Exercise directions:
For the material below, reproduce exactly each line from the one that has "reputable site 812f0" through the one that has "finest selection bf609", and no others; pictures stay out.

Data records:
........

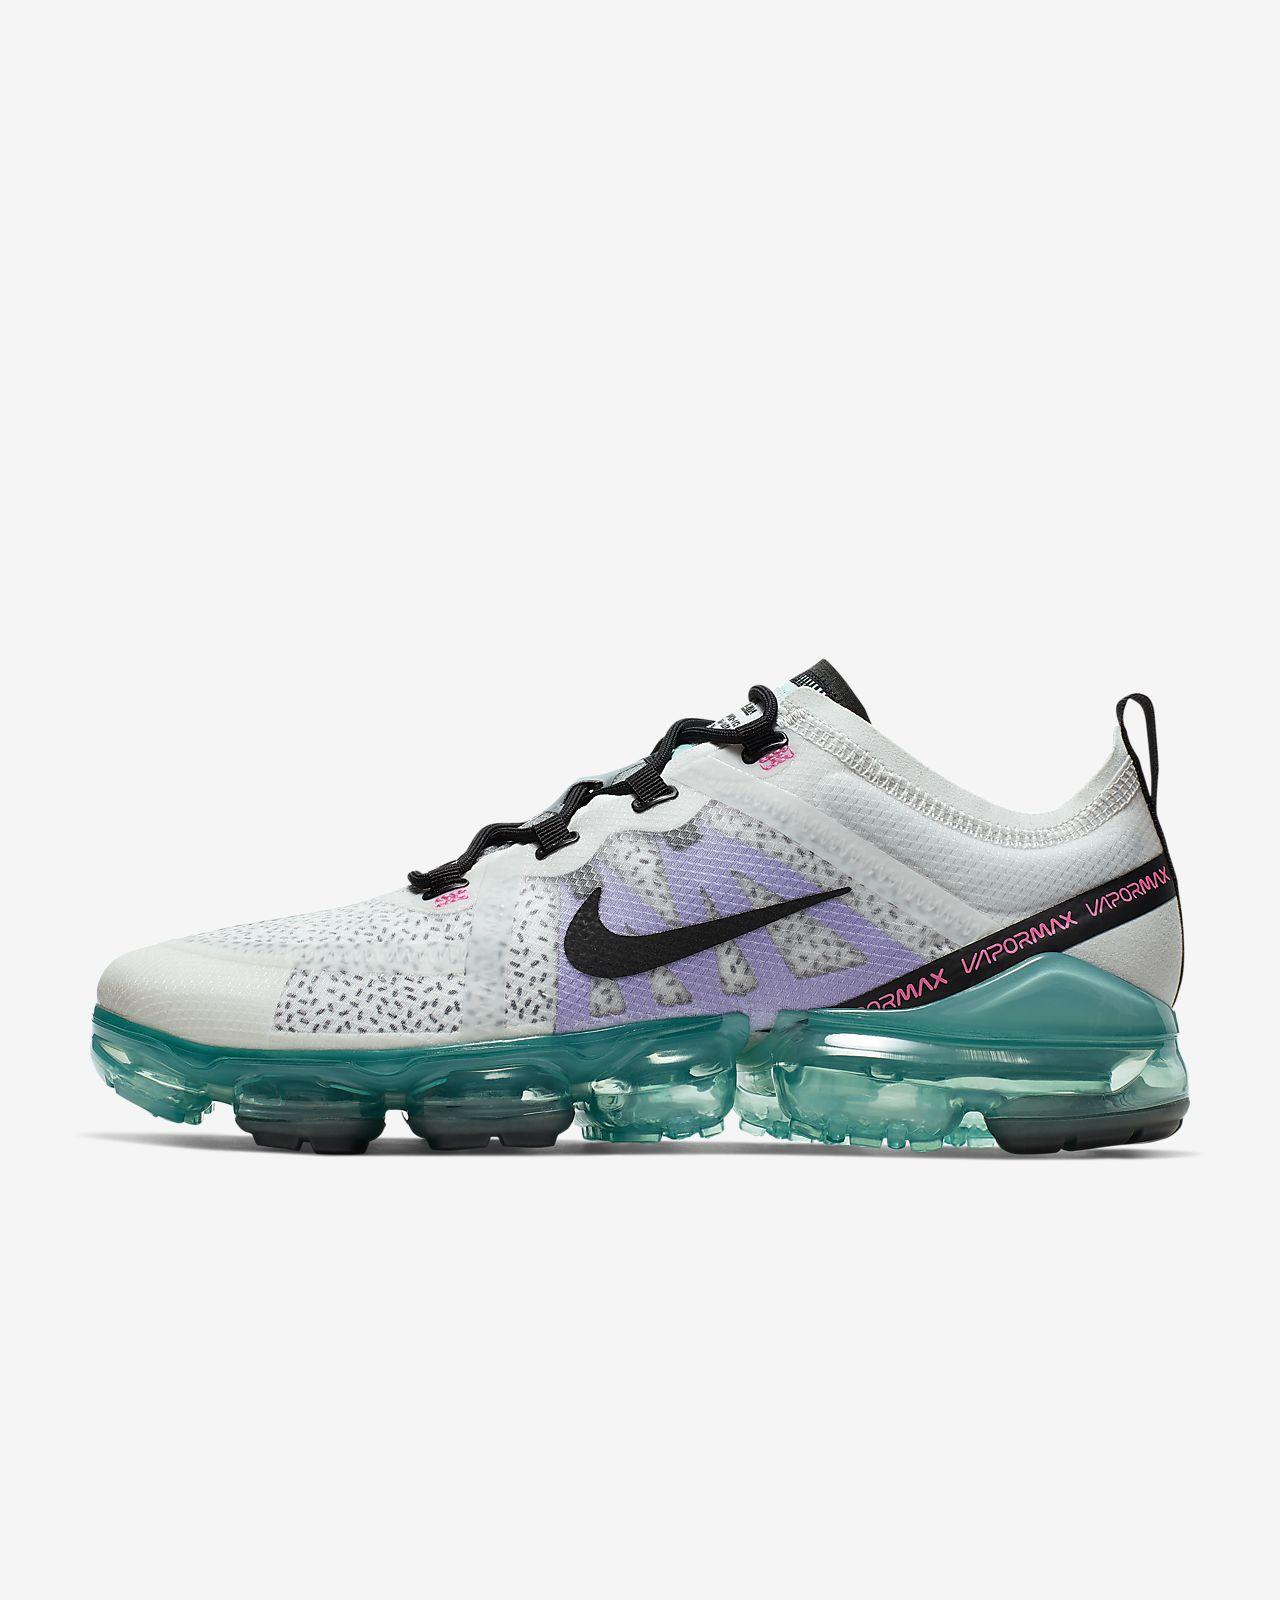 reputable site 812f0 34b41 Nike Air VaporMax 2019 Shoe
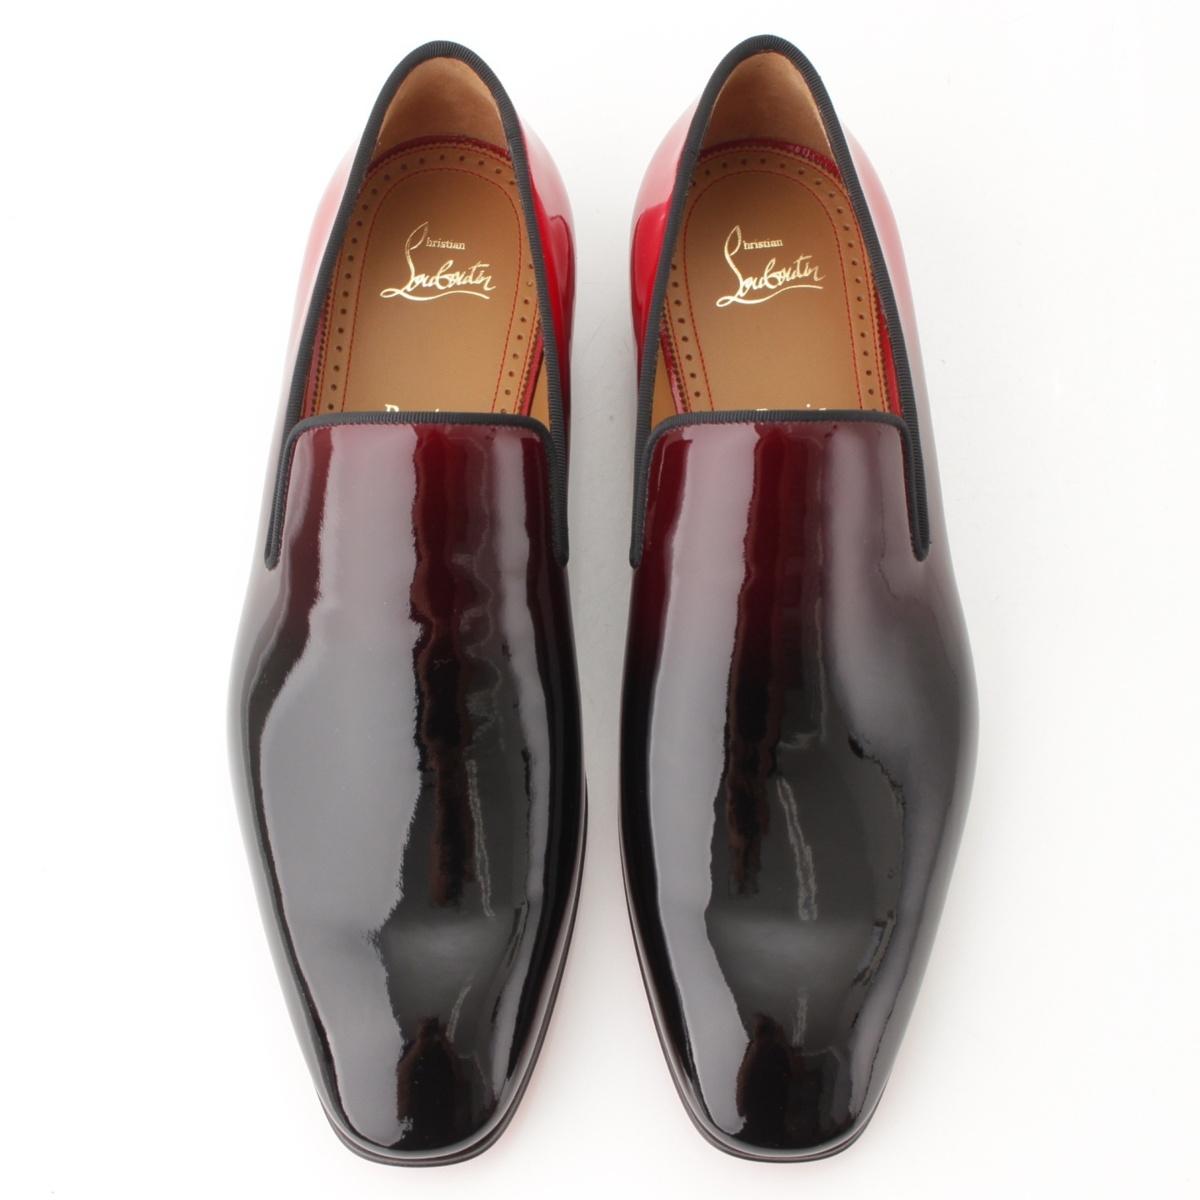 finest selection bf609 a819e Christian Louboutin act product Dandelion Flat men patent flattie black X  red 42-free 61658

........

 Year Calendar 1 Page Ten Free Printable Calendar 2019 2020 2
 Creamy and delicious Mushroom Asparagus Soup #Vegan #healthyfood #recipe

........

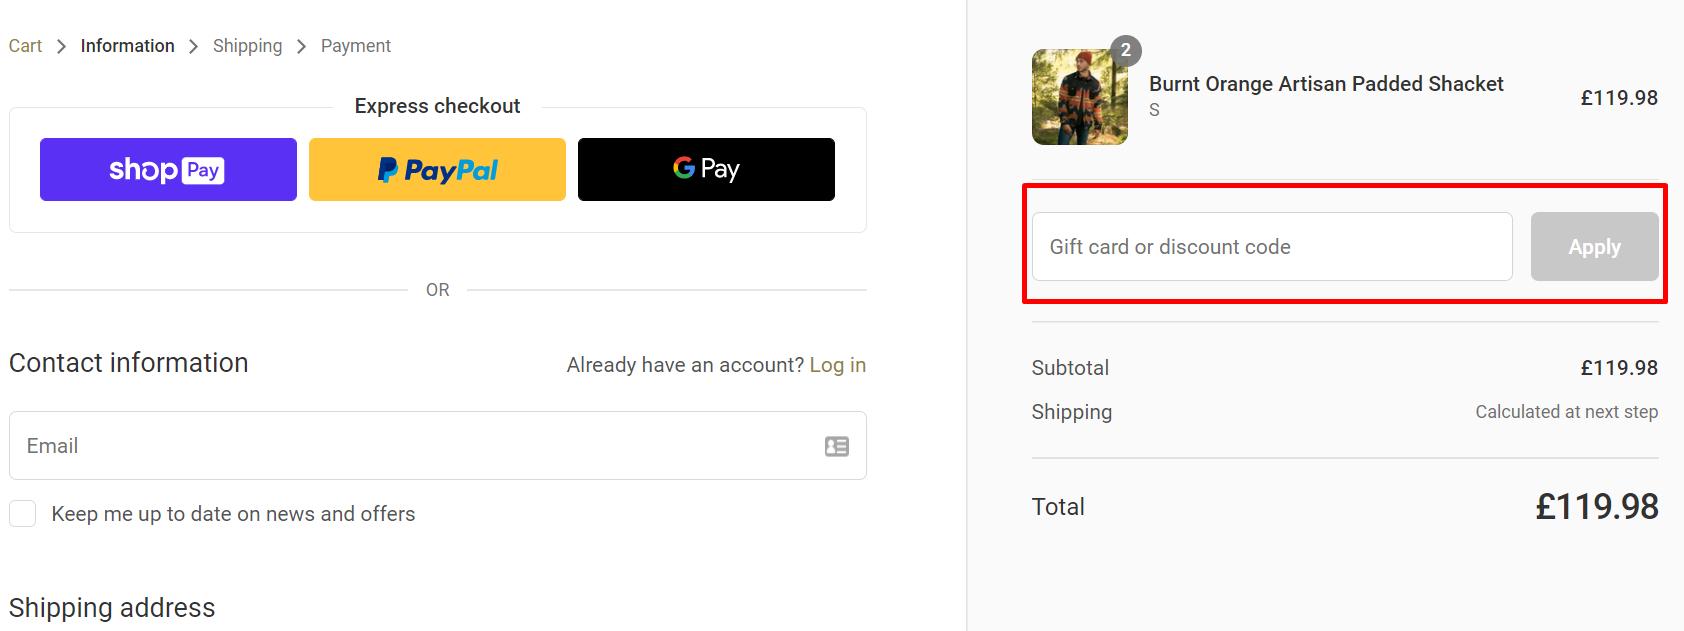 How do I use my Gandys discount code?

........

Solution to this problem:
 reputable site 812f0 34b41 Nike Air VaporMax 2019 Shoe
 finest selection bf609 a819e Christian Louboutin act product Dandelion Flat men patent flattie black X  red 42-free 61658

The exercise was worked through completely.